Split Number of examples
train 1226
validation 308
test_unseen_answers 271
test_unseen_questions 602

Evaluation was performed on the test_unseen_answers and test_unseen_questions splits.

Training procedure

The Trainer API was used to fine-tune the model. The code utilized for pre-processing and training was mostly adapted from the summarization script made available by HuggingFace.

Training was completed in a little under 1 hour on a GPU on Google Colab.

Training hyperparameters

The following hyperparameters were used during training:

  • num_epochs: 10
  • optimizer: Adam with betas=(0.9,0.999) and epsilon=1e-08
  • learning_rate: 5e-05
  • lr_scheduler_type: linear
  • train_batch_size: 1
  • gradient_accumulation_steps: 4
  • eval_batch_size: 4
  • mixed_precision_training: Native AMP
  • PyTorch seed: 42

Framework versions

  • Transformers 4.26.0
  • Pytorch 1.13.1+cu116
  • Datasets 2.9.0
  • Tokenizers 0.13.2

Evaluation results

The generated feedback was evaluated through means of the SacreBLEU, ROUGE-2, METEOR, BERTScore metrics from HuggingFace, while the Root Mean Squared Error loss from scikit-learn was used for evaluation of the predicted scores in relation to the golden label scores.

The following results were achieved.

Split SacreBLEU ROUGE-2 METEOR BERTScore RMSE
test_unseen_answers 41.6 30.9 62.0 61.2 0.333
test_unseen_questions 0.7 0.7 20.3 17.8 0.465

The script used to compute these metrics and perform evaluation can be found in the evaluation.py file in this repository.

Usage

The example below shows how the model can be applied to generate feedback to a given answer.

from transformers import AutoModelForSeq2SeqLM, AutoTokenizer

model = AutoModelForSeq2SeqLM.from_pretrained('Short-Answer-Feedback/mbart-score-finetuned-saf-micro-job')
tokenizer = AutoTokenizer.from_pretrained('Short-Answer-Feedback/mbart-score-finetuned-saf-micro-job')

example_input = 'Antwort: Ich gebe mich zu erkennen und zeige das Informationsschreiben vor Lösung: Der Jobber soll sich in diesem Fall dem Personal gegenüber zu erkennen geben (0.25 P) und das entsprechende Informationsschreiben in der App vorzeigen (0.25 P).

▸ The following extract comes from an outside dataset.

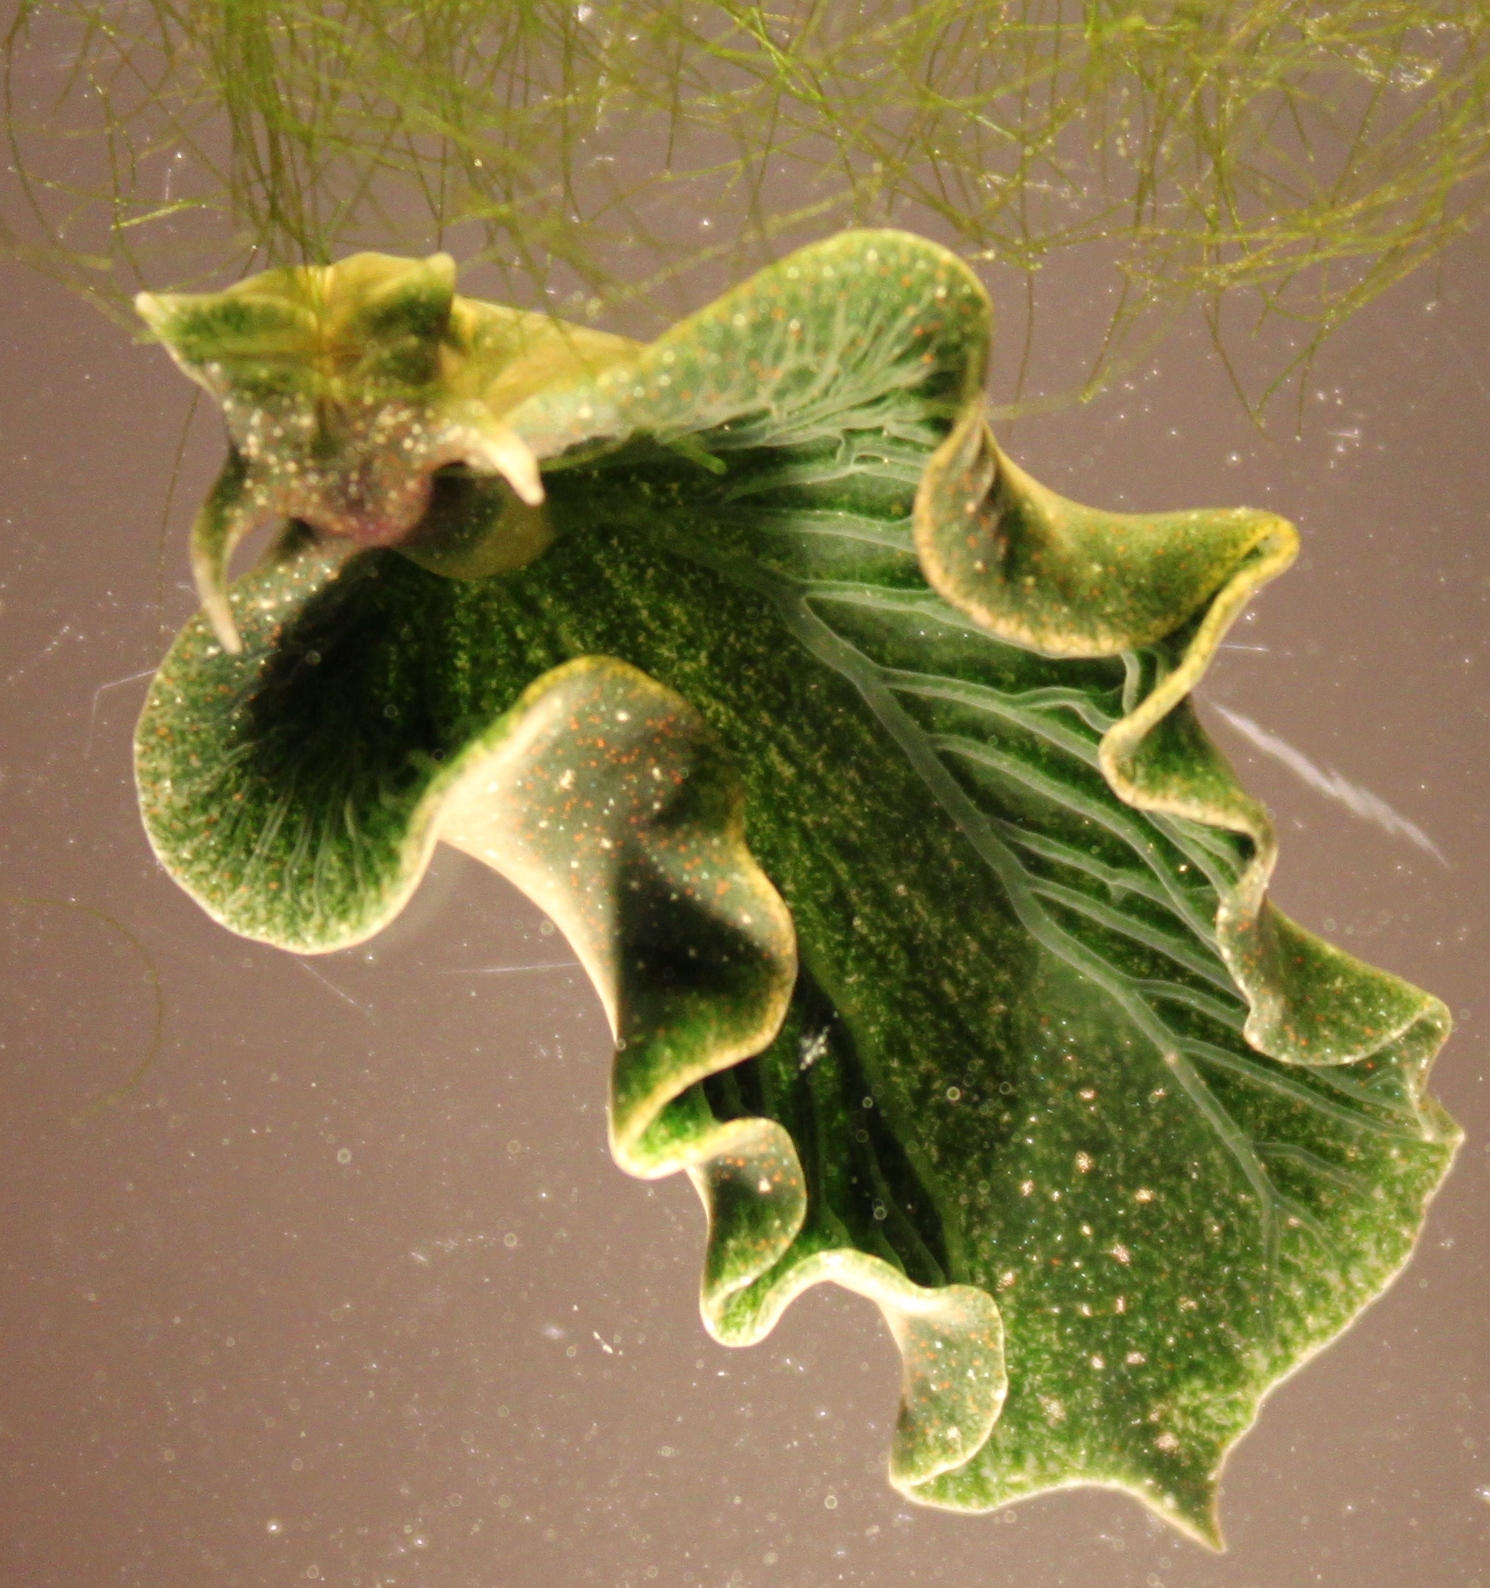 The sea slug, Elysia chlorotica, steals millions of green-colored plastids, which are like tiny solar panels, from algae. Photo: Karen N. Pelletreau/University of Maine

Zusätzlich muss notiert werden, zu welchem Zeitpunkt (0.25 P) des Jobs der Jobber enttarnt wurde. Zentrale Frage ist dabei, ob ein neutrales, unvoreingenommenes Verkaufsgespräch stattgefunden hat. Der Job soll mit Erlaubnis der Mitarbeiter bis zum Ende durchgeführt (0.25 P) werden. Frage: Frage 1: Wie reagierst du, wenn du auf deine Tätigkeit angesprochen wirst?'
inputs = tokenizer(example_input, max_length=256, padding='max_length', truncation=True, return_tensors='pt')

generated_tokens = model.generate(
                inputs['input_ids'],
                attention_mask=inputs['attention_mask'],
                max_length=128
            )
output = tokenizer.batch_decode(generated_tokens, skip_special_tokens=True)[0]

The output produced by the model then looks as follows:

0.5 Feedback: Sollte das Personal dies gestatten, kannst du den Check auch gerne noch abschließen. Bitte halte nur in fest, wann genau du auf deine Tätigkeit angesprochen wurdest.

Related Work

Filighera et al., ACL 2022 trained a mT5 model on this dataset, providing a baseline for SAF generation. The entire code used to define and train the model can be found on GitHub.